NASA’s historic launch pad will be demolished

The Atlantis on Mobile Launcher Platform-2 space shuttle before launch on May 14, 2010.

The Atlantis on Mobile Launcher Platform-2 space shuttle before launch on May 14, 2010.
Image: NASA

NASA’s mobile launcher platform 2 – a structure involved in Apollo and Srhythm Shuttle missions – is in the process of being demolished. Incredibly, the space agency is getting rid of the huge platform to make room for parking spaces, like collectSpace reports.

In a matter of weeks, Mobile Launcher-2, or MLP-2, will be gone.

Built more than 50 years ago, NASA’s historic launcher was involved in notable missions like Apollo 12 and 14 (both manned missions to the Moon), Skylab (a precursor to the International Space Station) and each inaugural Srhythm Shuttle launch saved for Columbia. Most doubtfully, MLP-2 was the platform from which the Challenger space shuttle made its final, tragic flight in 1986. In total, the MLP-2 was involved in more than 50 launches from 1968 to 2011. So, yes, a lot of history joined this imposing 160 feet long and 135 foot-wide, 25-foot-tall structure (if you want more details on MLP-2, including a list of all NASA missions that you have been involved in, be sure to check out this extensive fan pwas)

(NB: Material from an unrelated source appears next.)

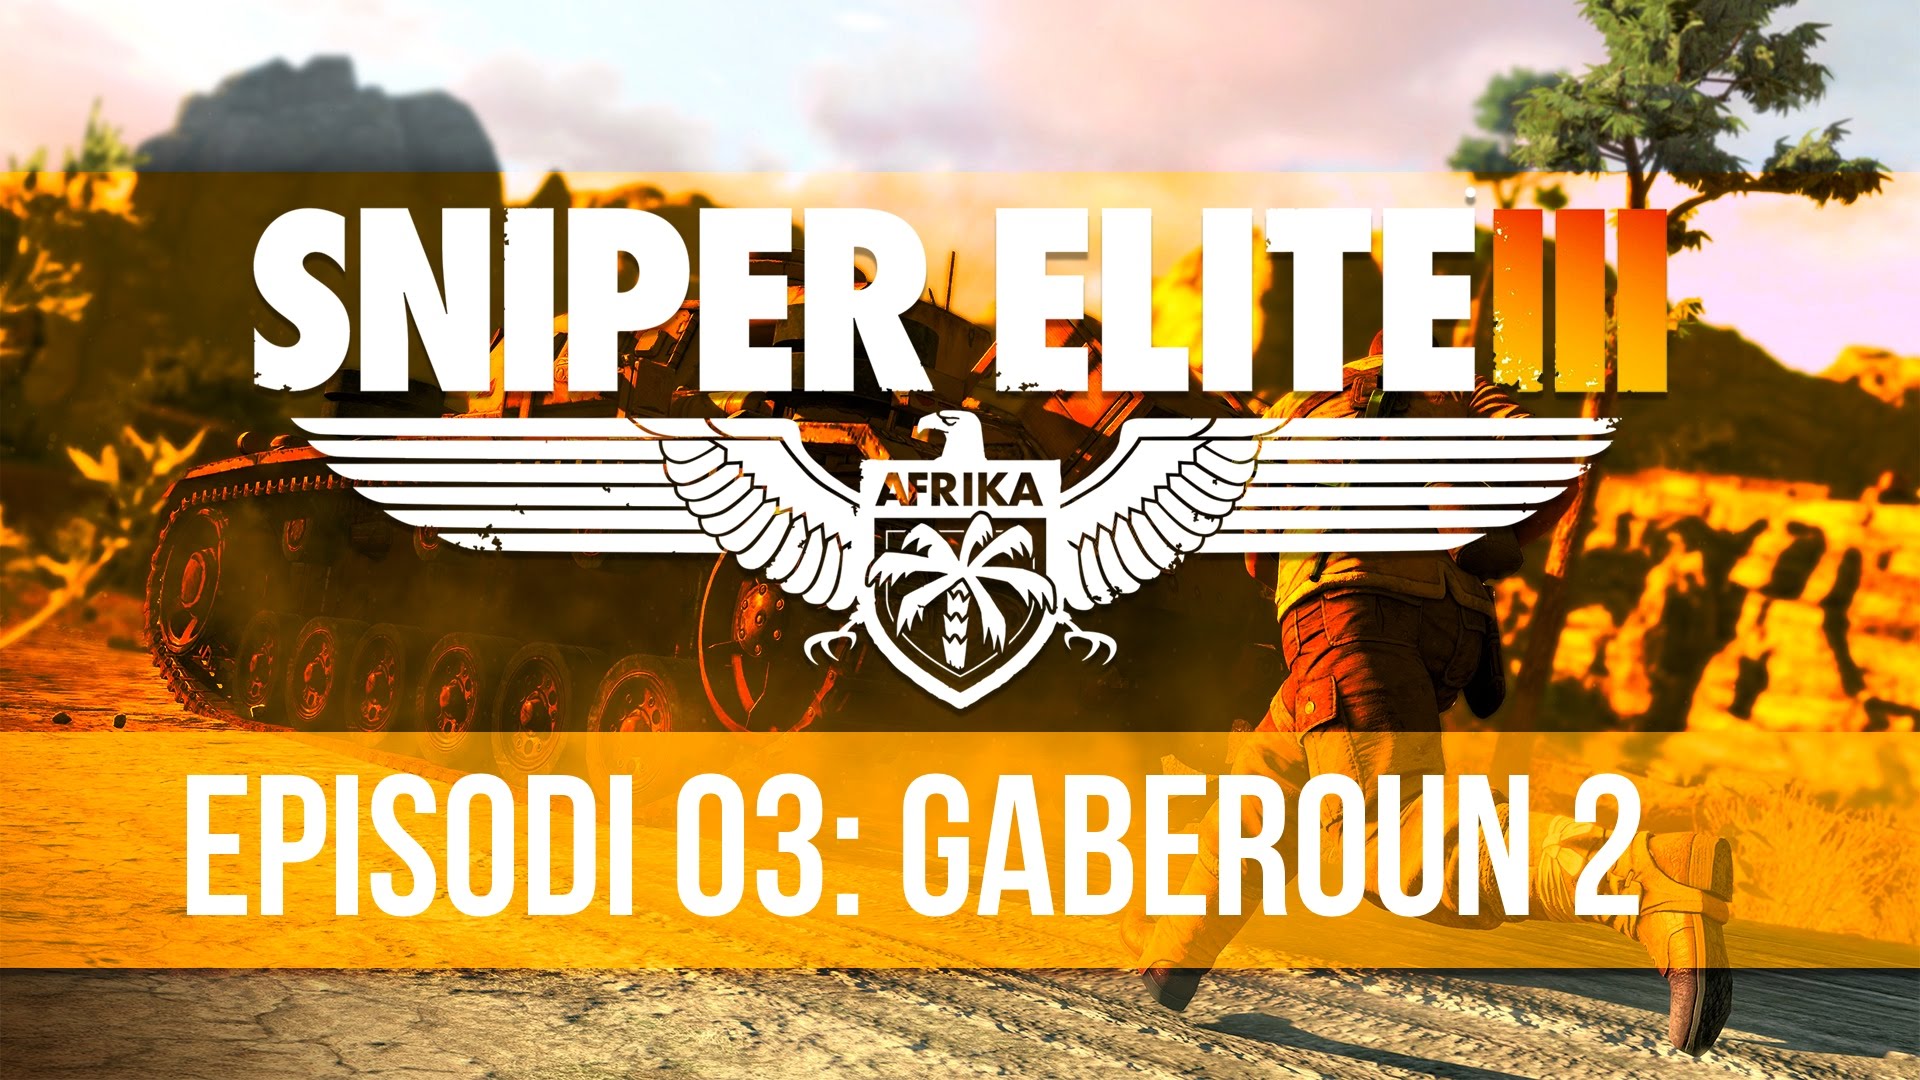 Sniper Elite III - Episodi 3: Gaberoun 2 de Project1407

The Saturn V rocket used for the Apollo 12, as it rests on the MLP-2 in 1969.

The Saturn V rocket used for the Apollo 12, as it rests on the MLP-2 in 1969.
Image: NASA

As Robert Pearlman of collectSPACE reports, NASA made the decision to demolish the platform for a reason that is too common.

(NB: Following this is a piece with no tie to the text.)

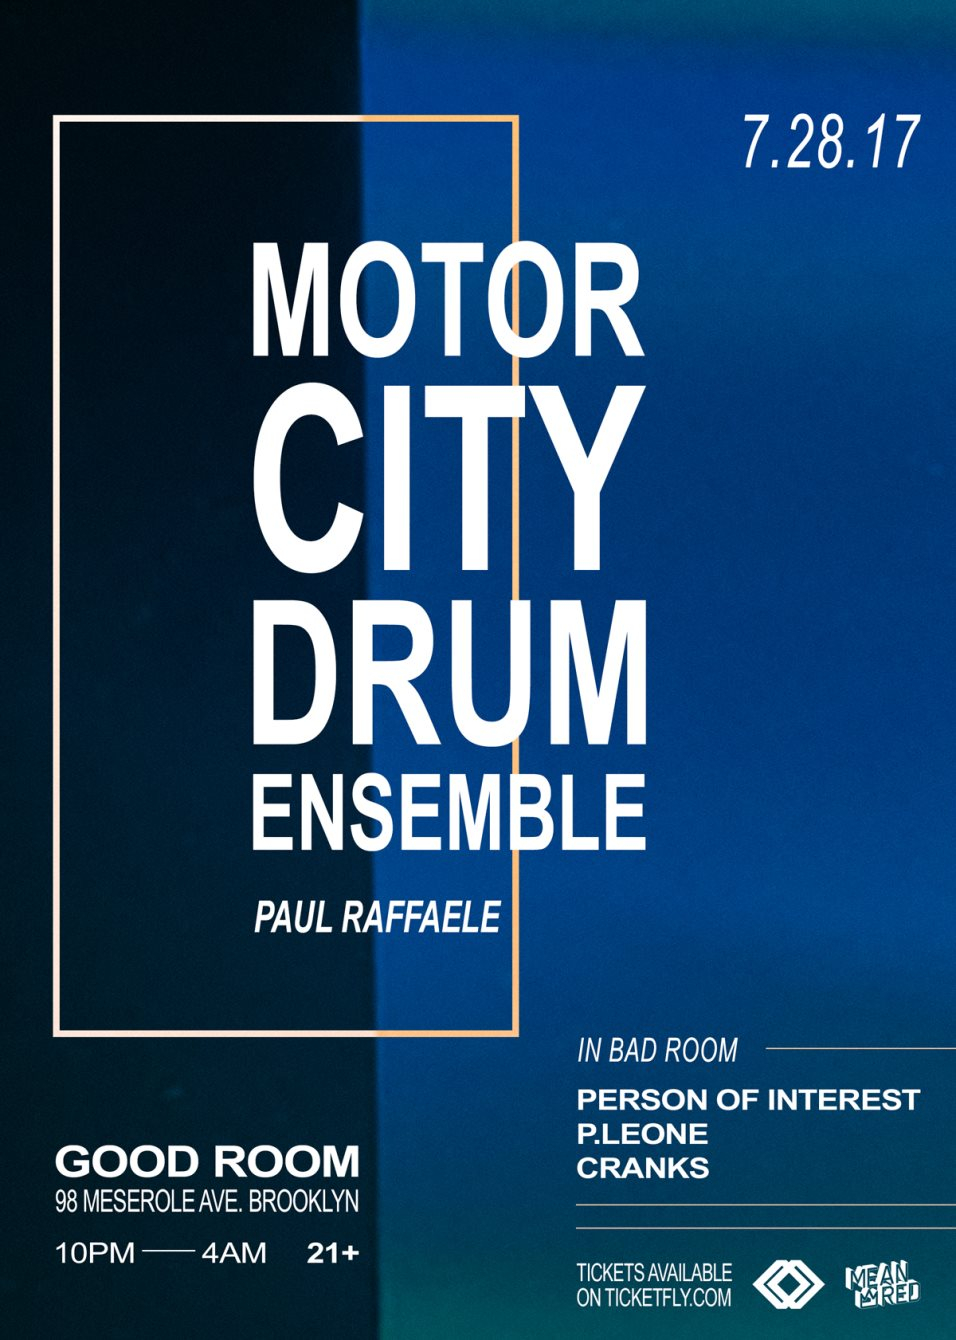 Motor City Drum Ensemble - Flyer front

Given its history, “the MLP-2 can be expected to be retired as a museum artifact,” wrote Pearlman, or “can continue to serve some purpose, like the other two legacy Apollo and shuttle mobile launch platforms. space did and are doing. ”But, as Scott Tenhoff, project manager for the MLP-2 demolition, told Pearlman, the space agency is getting rid of the platform“ because we’re running out of parking spaces ”.

Oof.

As Pearlman correctly points out, NASA has two similar platforms, MLP-1 (formerly ML-3) and MLP-3 (formerly ML-1). Built between 1963 and 1965, these three platforms were assembled for the Saturn V, Saturn IB and Saturn INT-21 rockets (the last of which never took off). Following Apollo, the structures were transformed, renamed and put to use for the Space Shuttle Program.

But NASA is now entering the Artemis era, and the old-time platform cannot bear the weight of NASA’s megarocket, the Space launch system, nor an umbilical tower to support its launch, according to collectSPACE. For that, NASA completed a new platform in 2018 called ML-1 and started building a second one, to be called ML-2, last year. It’s a lot of huge hardware out there, leading to the decision to dismantle the MLP-2.

Mobile Launcher Platform-3, as it appeared in 2011.

Mobile Launcher Platform-3, as it appeared in 2011.
Image: NASA

Neither MLP-1 or MLP-3 (pictured above) are currently scheduled for demolition, and MLP-1 is being used to prepare trackers (the paths taken by mobile launchers to the launch pad) for the next Space launch system. As NASA’s Exploration Ground Systems explained in a recent tweet, MLP-1 will ensure that the “path is strong enough to support the weight of the next @NASAArtemis I launch ”, which may happen later this year.

The demolition process should take about a month. The contractors doing the work, Frank-Lin Services of Brevard, are using excavators with hydraulic shears to cut the platform section by section until it no longer exists, Tenhoff told collectSPACE.

Before dismantling the Mobile Launcher-2, NASA had asked around if anyone is interested in rescuing pieces of the gigantic structure, including the Smithsonian. Nobody answered.

It’s easy to be cynical about all of this, especially the whole parking thing, but sometimes you just need to move on. Hopefully, some smart people are removing the important parts, like a number plate or something of similar nostalgic value. Storing this gigantic structure next to a museum is obviously not plausible, but it would make sense to show some of its parts. MLP-2 is too iconic to be thrown away and forgotten.